▶ **Task goal**: Without the pictures, output the lines of the material from the very first through the one that holds "Library stamp on book photo".

▶ **Input data**:
--- START ---

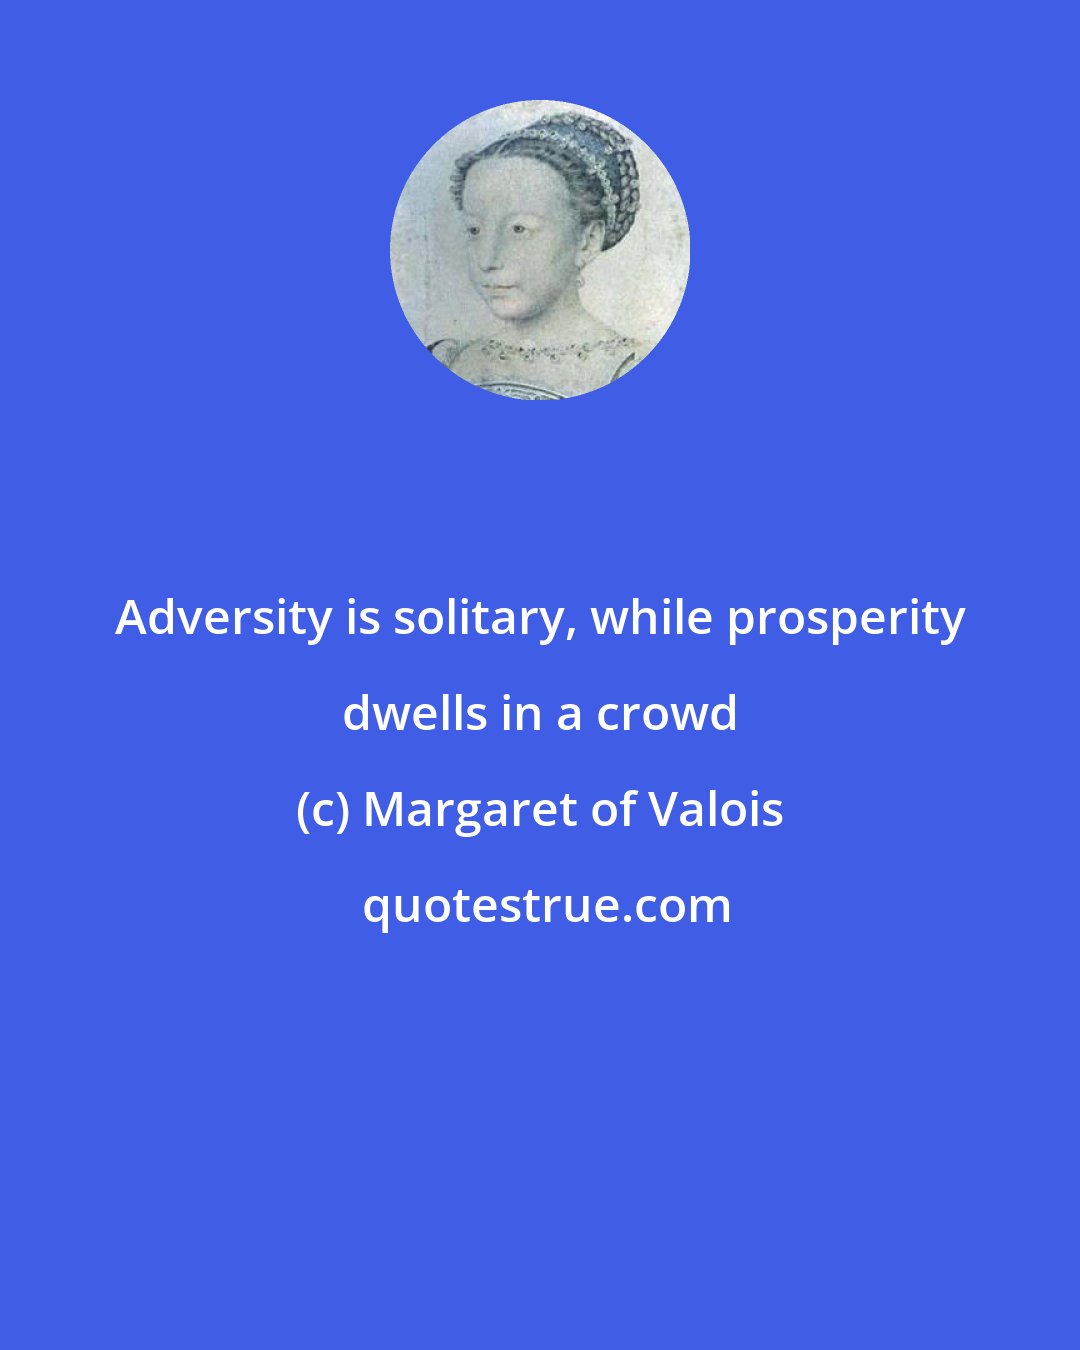 Margaret of Valois: Adversity is solitary, while prosperity dwells in a crowd
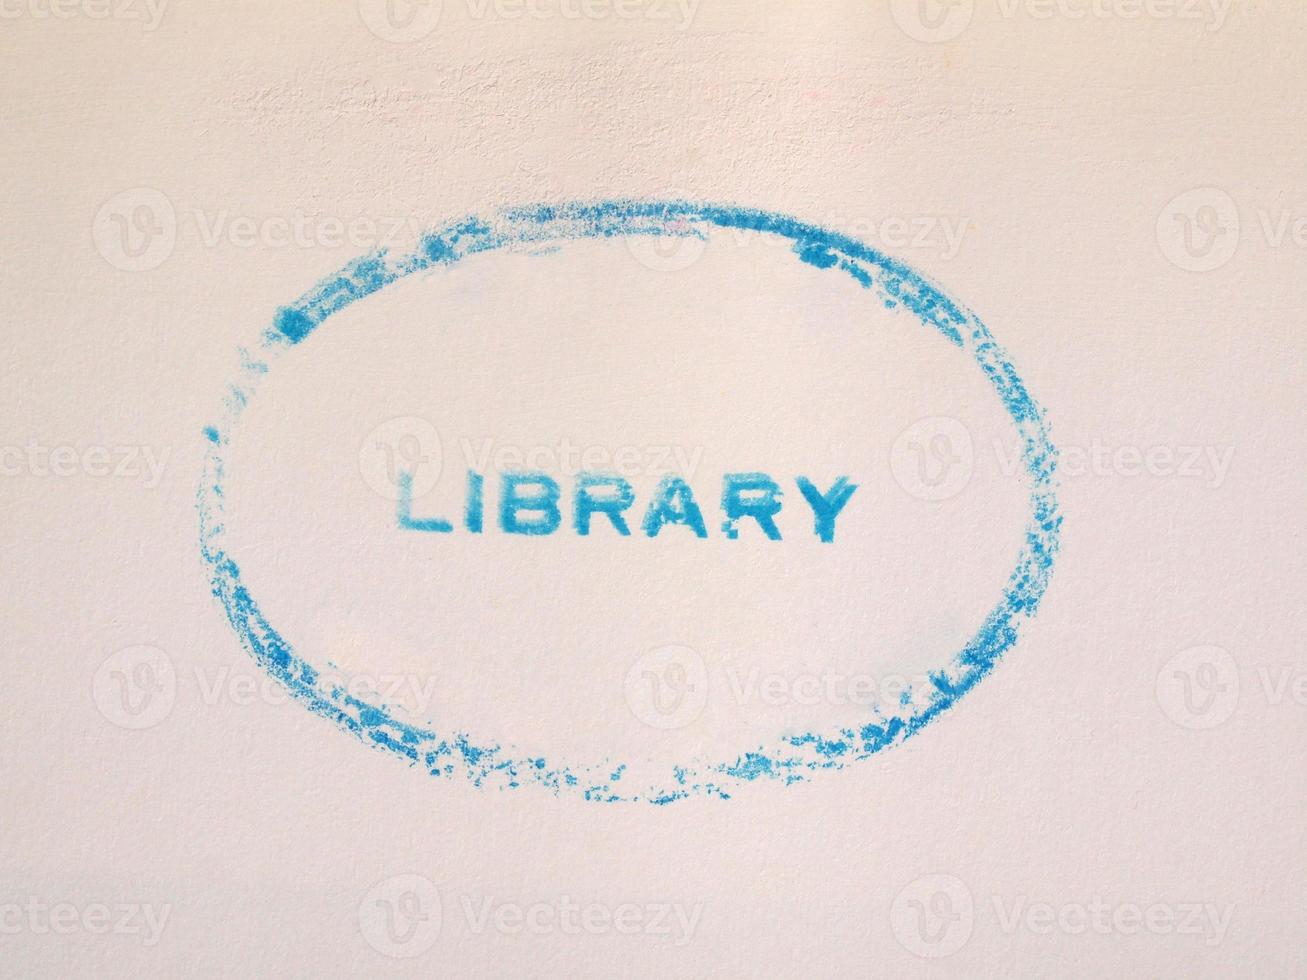 Library stamp on book photo
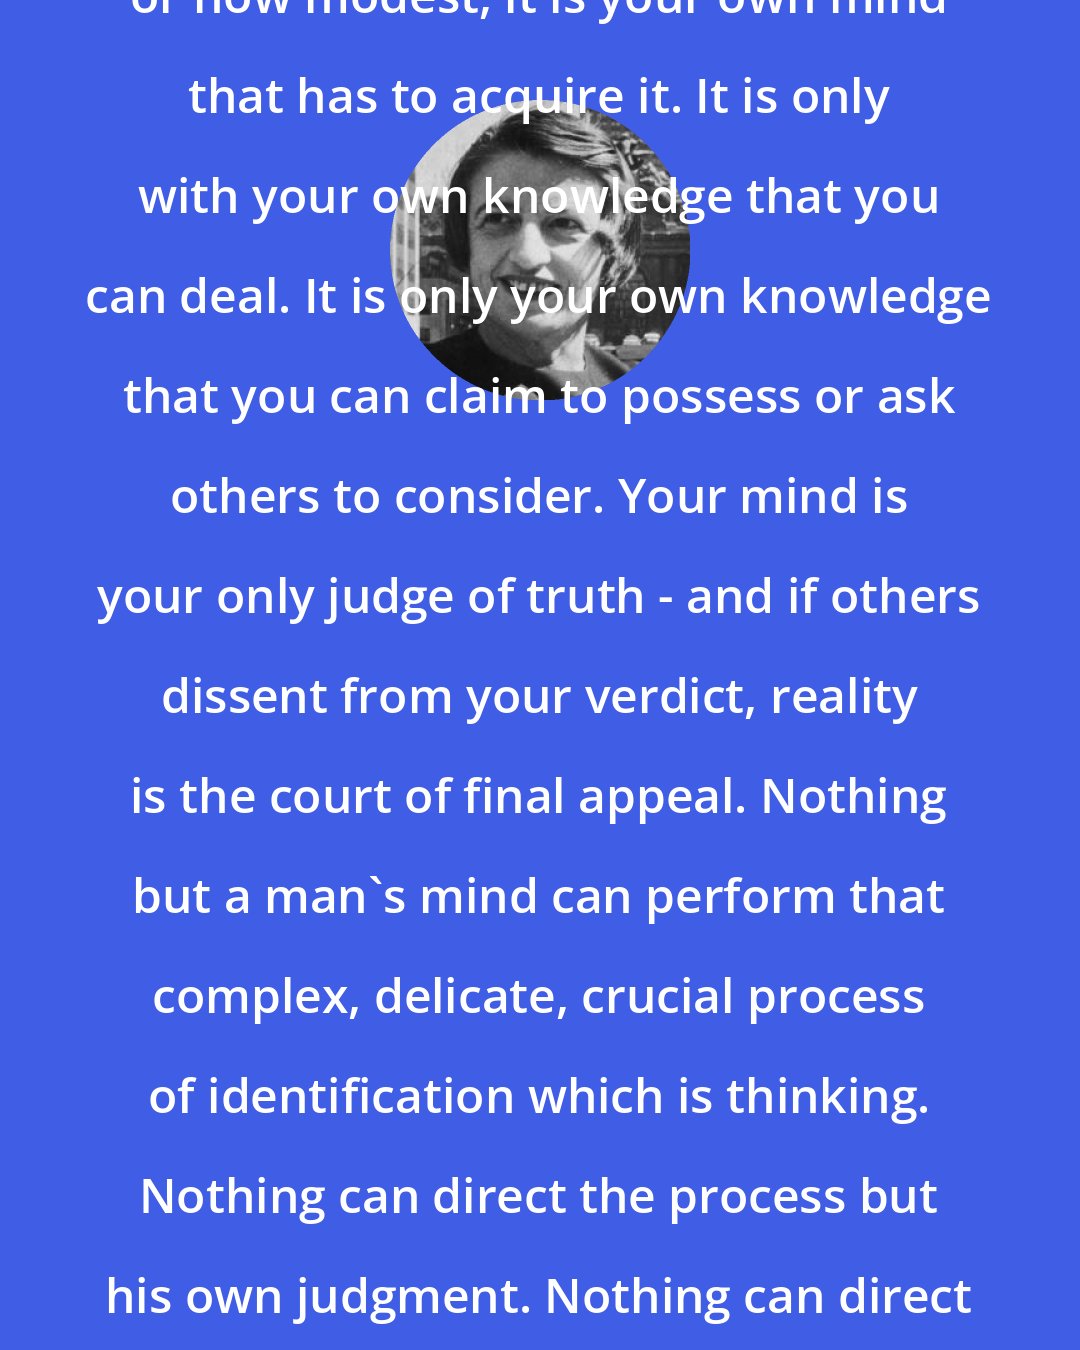 Ayn Rand: No matter how vast your knowledge or how modest, it is your own mind that has to acquire it. It is only with your own knowledge that you can deal. It is only your own knowledge that you can claim to possess or ask others to consider. Your mind is your only judge of truth - and if others dissent from your verdict, reality is the court of final appeal. Nothing but a man's mind can perform that complex, delicate, crucial process of identification which is thinking. Nothing can direct the process but his own judgment. Nothing can direct his judgment but his moral integrity.

--- END ---

▶ **Exercise output**:
 Margaret of Valois: Adversity is solitary, while prosperity dwells in a crowd
 Library stamp on book photo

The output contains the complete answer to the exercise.